Studio album by Ragnarok
- Released: January 31st, 2000
- Recorded: October 1998 and February 1999 at Endless Studio in Oslo, Norway
- Genre: Black metal
- Length: 54:14
- Label: Head Not Found
- Producers: Tore Moren, Knut Magne Valle and Ragnarok

Ragnarok chronology
| Arising Realm (1997) | Diabolical Age (2000) | In Nomine Satanas (2002) |

= Diabolical Age =

Diabolical Age is the third studio album by Norwegian black metal band Ragnarok, released on January 31, 2000, under Head Not Found record label. It is the final album with vocalist Thyme (Dag Ronny Hansen).
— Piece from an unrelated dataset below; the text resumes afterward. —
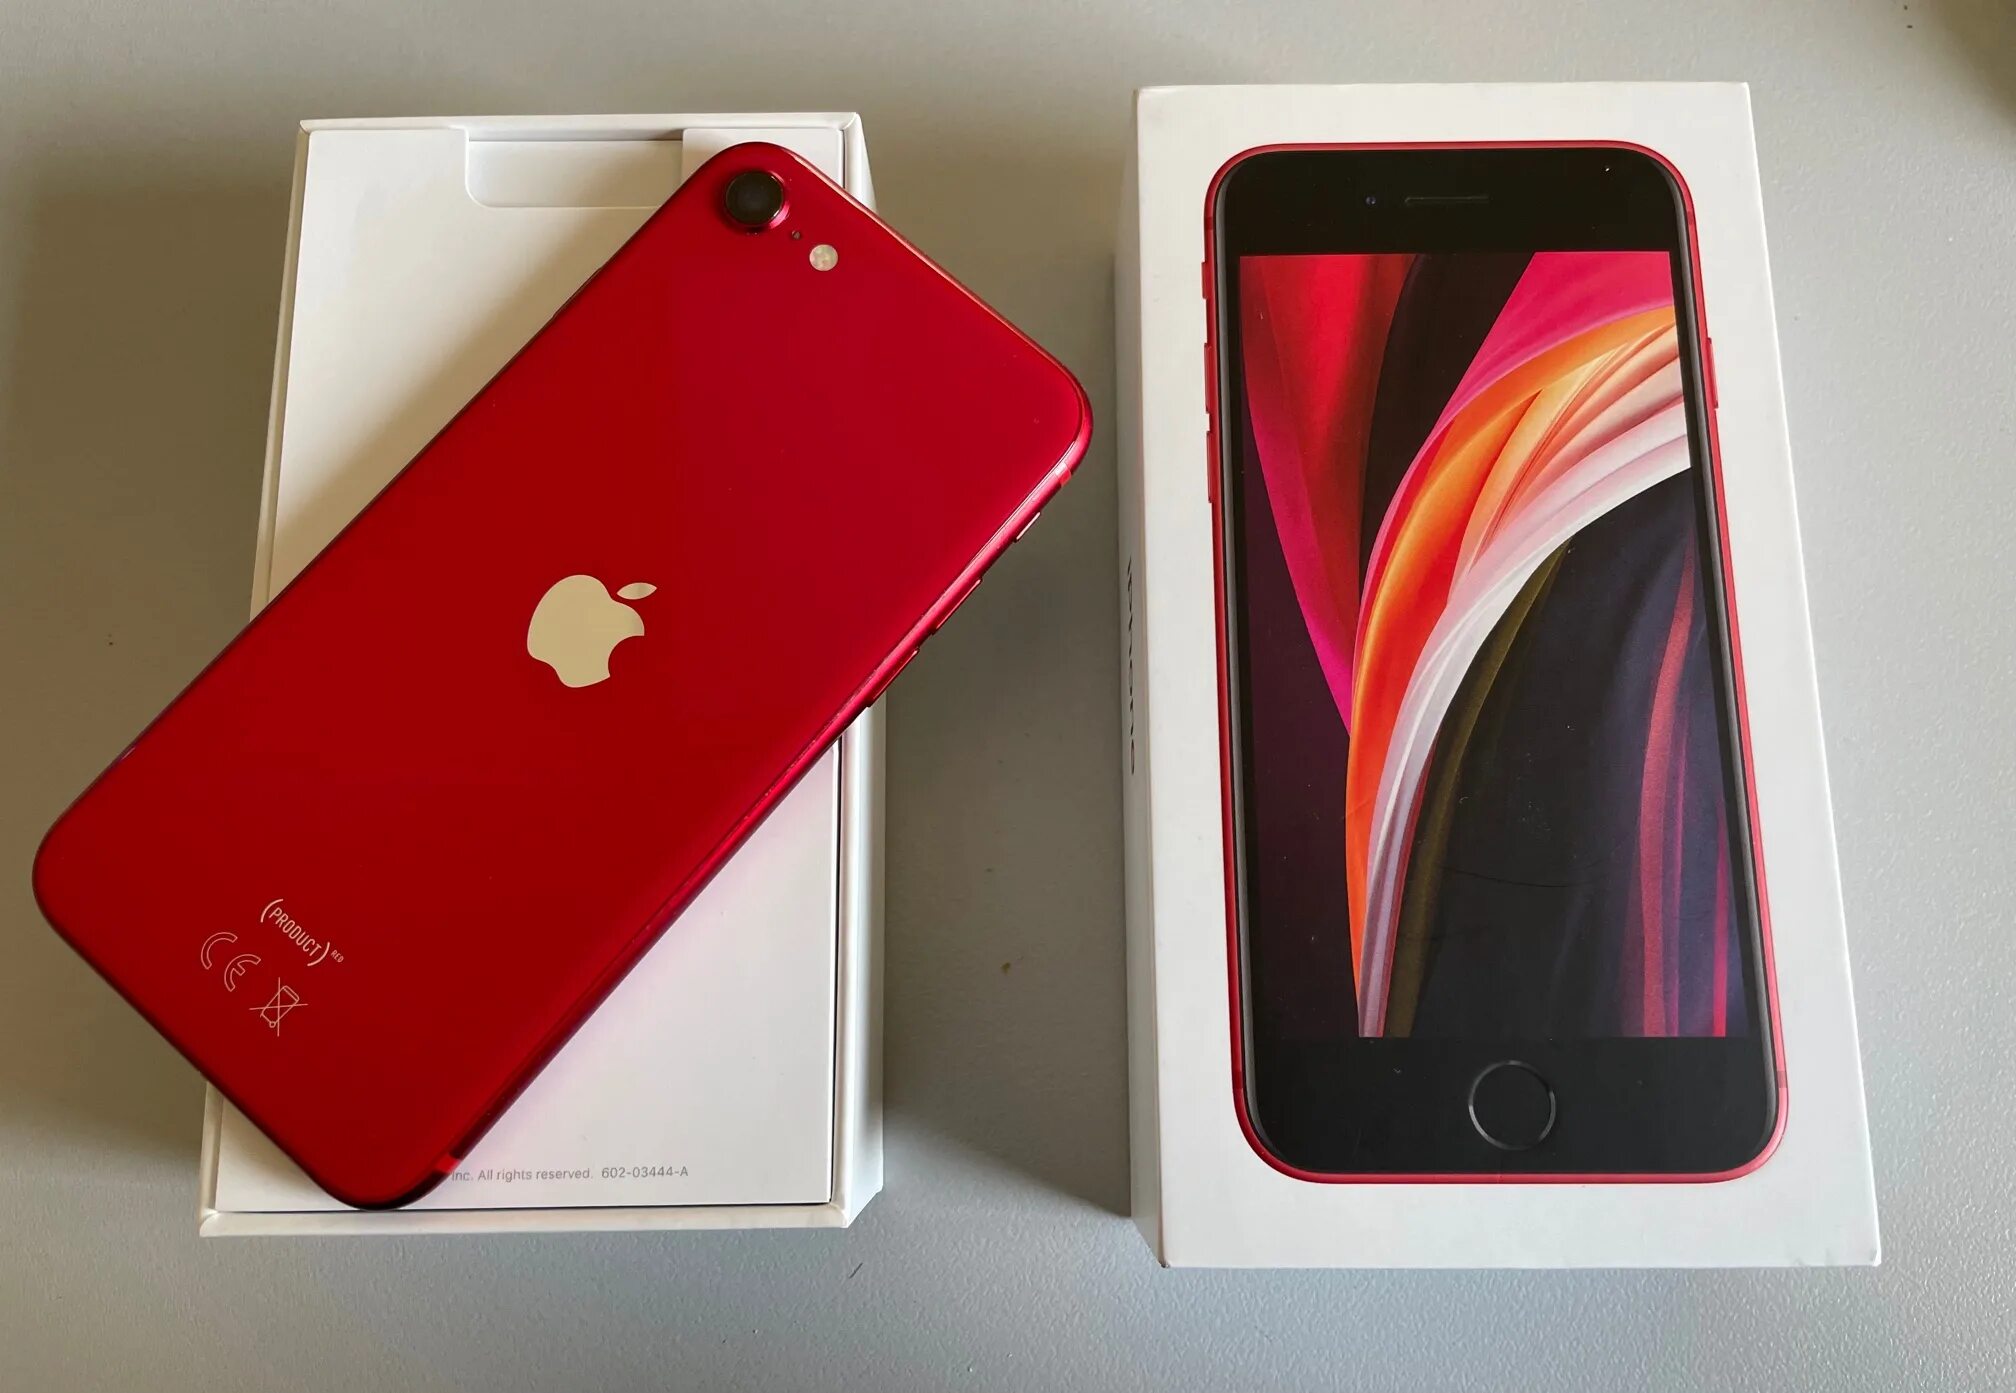 Айфон се 2020 64. Iphone se (2020) 64gb (product) Red. Iphone se (2020) 64gb Red. Iphone se 2020 Red. Apple iphone se(2020) product Red 64gb.

Arcturus guitarist Knut Magne Valle was the engineer on the recording sessions.

== Track listing ==
All music and lyrics by Ragnarok, except lyrics for track 3 by Lillith Demona and music for track 8 written and performed by Jørgen Ø. Andersen.

| No. | Title | Length |
|---|---|---|
| 1. | "It's War" | 7:16 |
| 2. | "Nocturnal Sphere" | 8:28 |
| 3. | "Diabolical Age" | 7:06 |
| 4. | "Certain Death" | 5:16 |
| 5. | "The Heart Of Satan" | 5:27 |
| 6. | "Devastated Christ" | 8:32 |
| 7. | "The Key Is Turned For The 7th Time" | 6:12 |
| 8. | "Postludium" | 5:54 |
| Total length: |  | 54:14 |

==Personnel==

===Ragnarok===
- Thyme: Vocal
- Rym: Guitars
- Jerv: Bass
- Jontho P.: Drums

===Additional personnel===
- Jørgen Ø. Andersen - Keyboards (track 8)

=== Production and engineering ===
- Recorded during October 1998 and February 1999 at Endless Studio in Oslo.
- Produced by Tore Moren, Knut Magne Valle and Ragnarok.
- Mastered at Strype Audio by Tom Kvålsvoll and Ragnarok.